Directions for this task:
Begin at the line below that has "Vans Skate Sk8-hi". Stop after the line that has "Intel DQ57TM manual", repeating each line exactly and leaving out the pictures.

Extracted material:
-- Opening Marker --
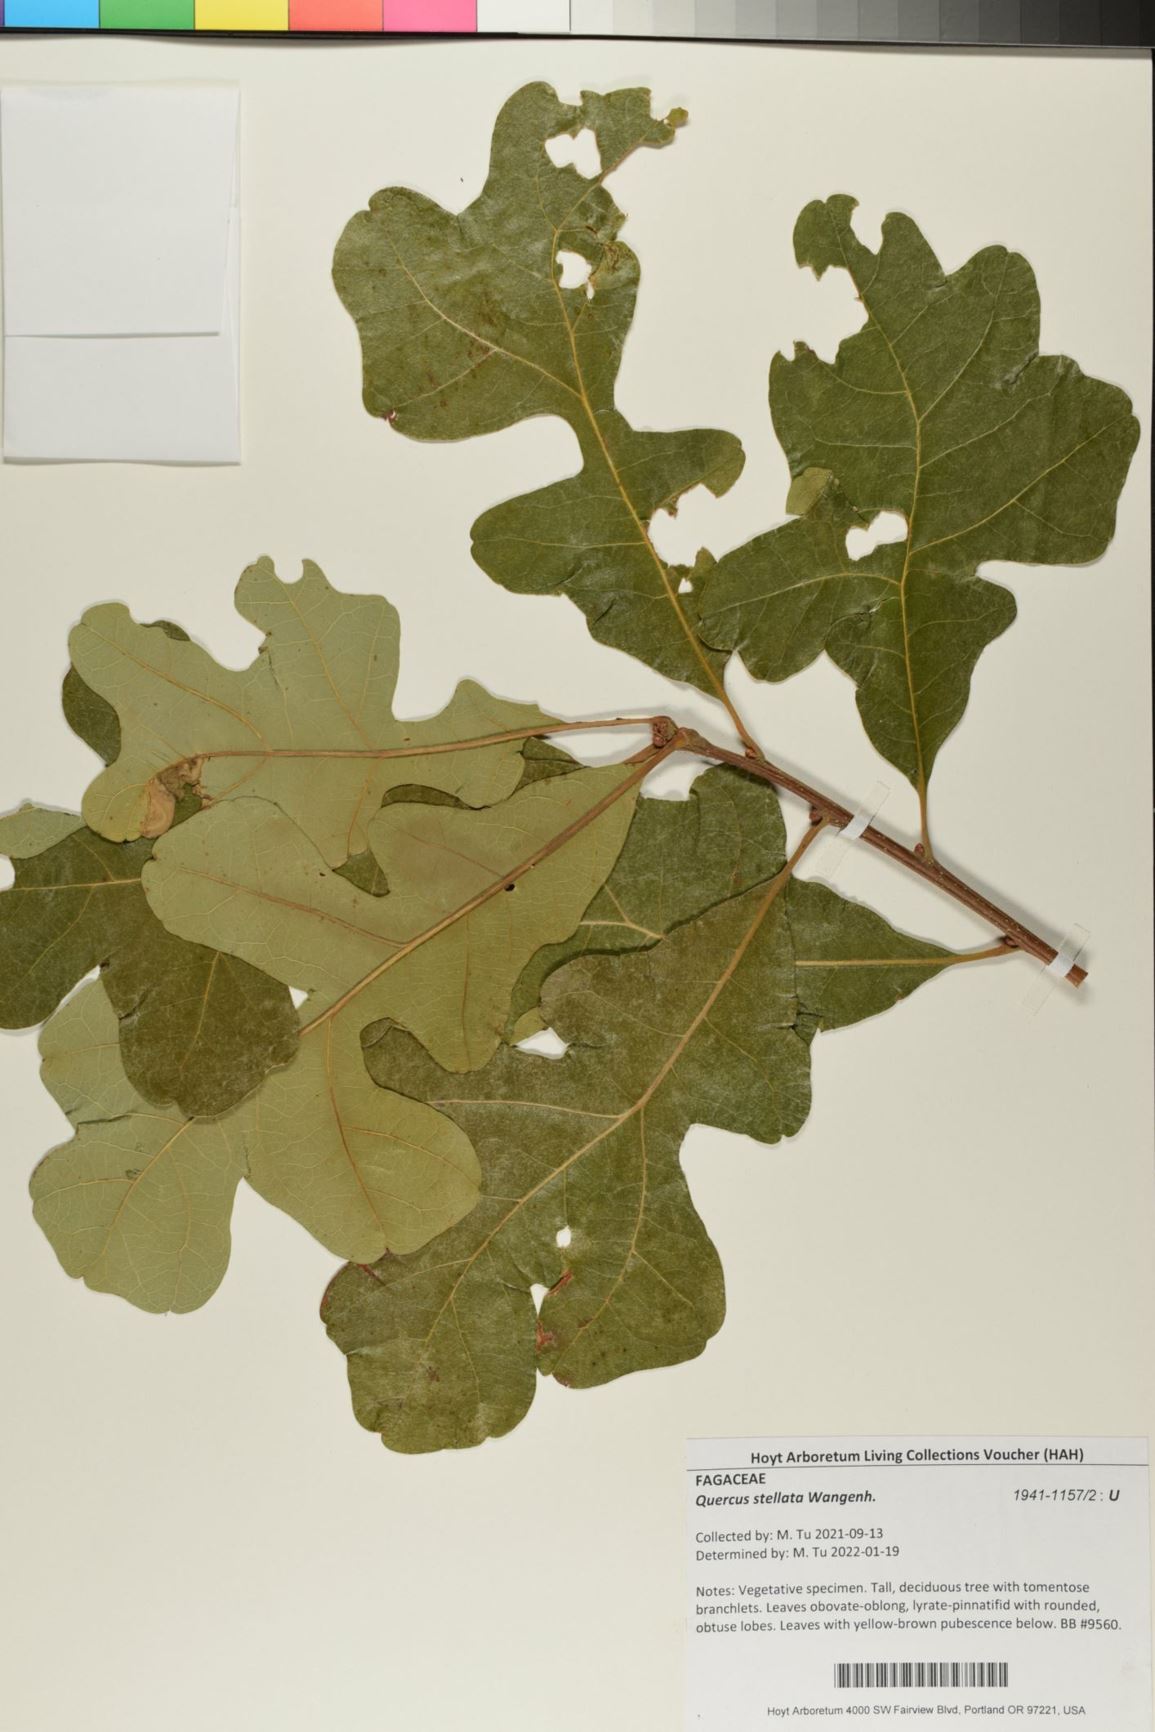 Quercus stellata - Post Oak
-- Closing Marker --
-- Opening Marker --
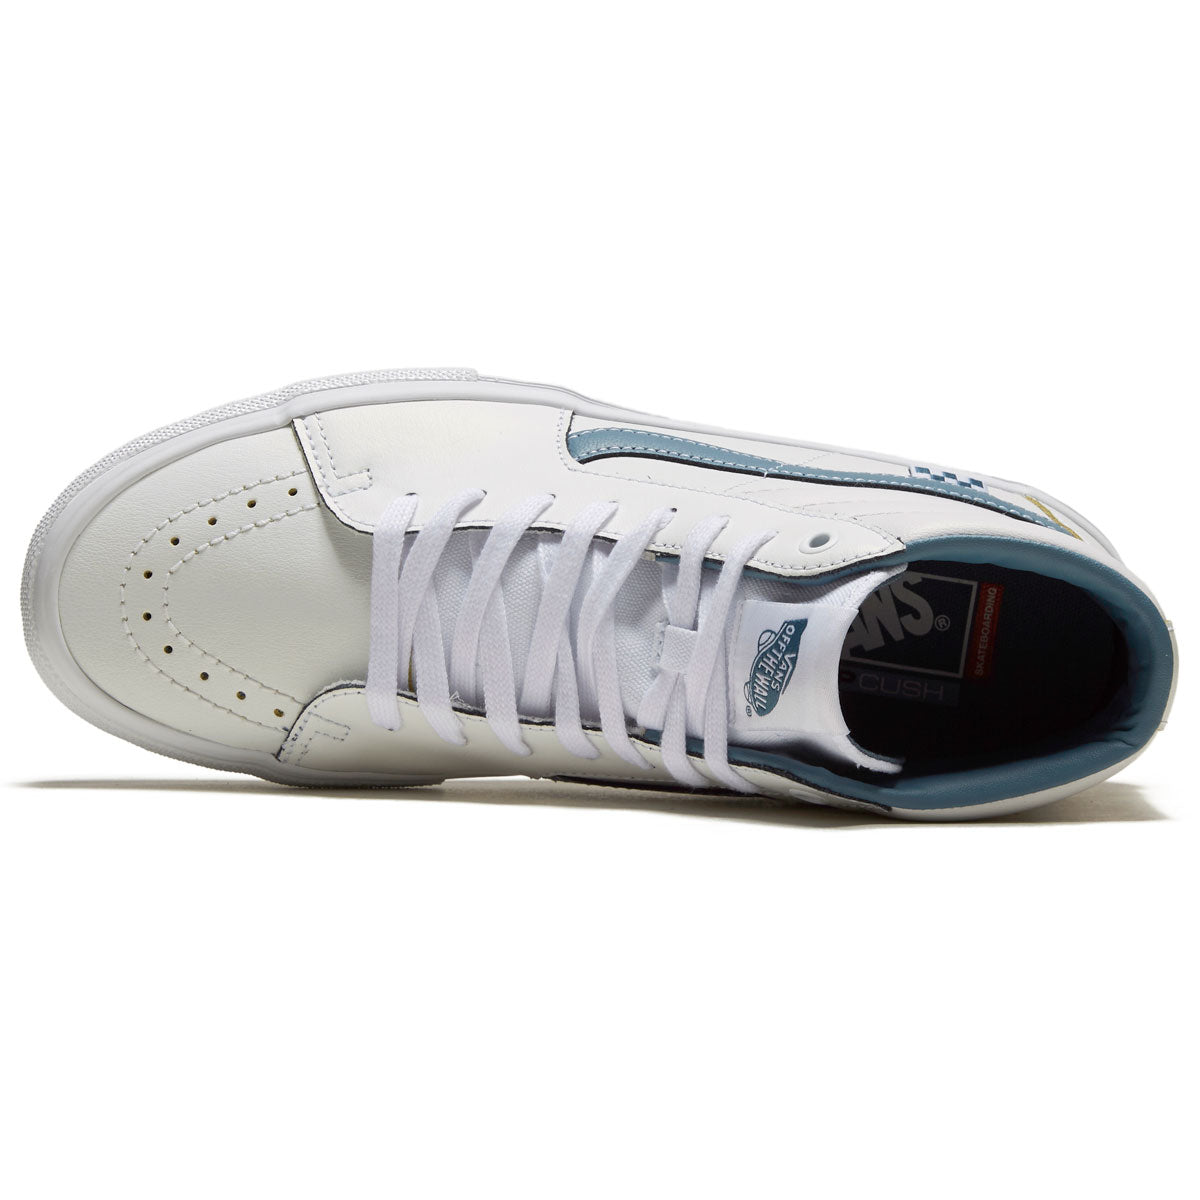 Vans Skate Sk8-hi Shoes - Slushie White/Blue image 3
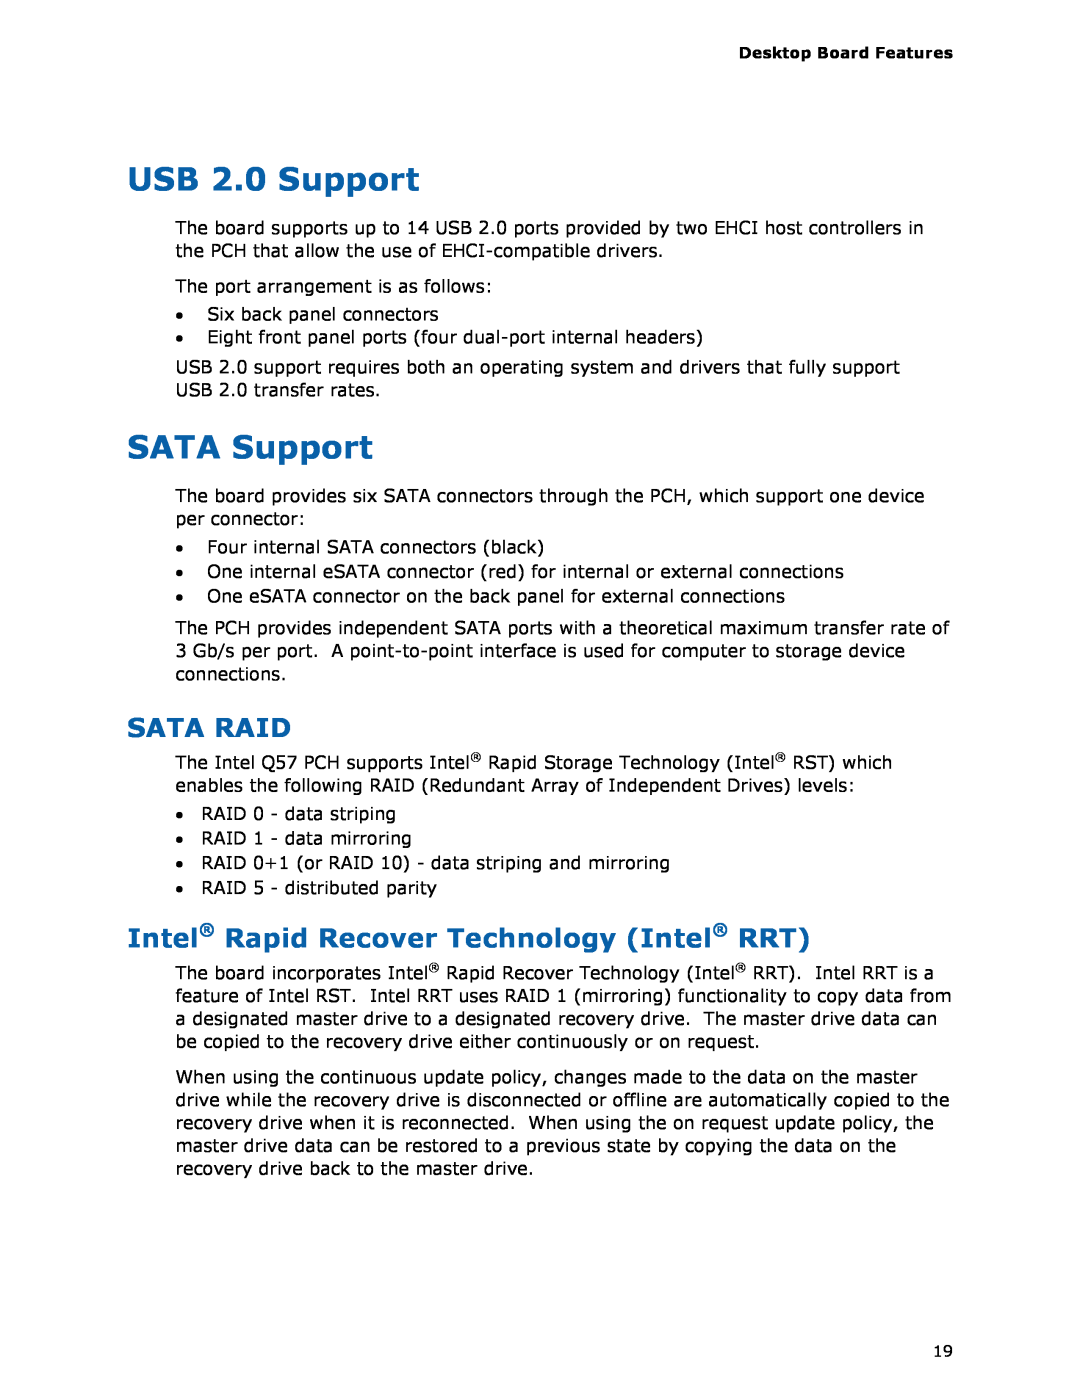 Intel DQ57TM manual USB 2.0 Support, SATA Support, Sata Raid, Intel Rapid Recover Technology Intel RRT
-- Closing Marker --
Task response:
 Vans Skate Sk8-hi Shoes - Slushie White/Blue image 3
 Intel DQ57TM manual USB 2.0 Support, SATA Support, Sata Raid, Intel Rapid Recover Technology Intel RRT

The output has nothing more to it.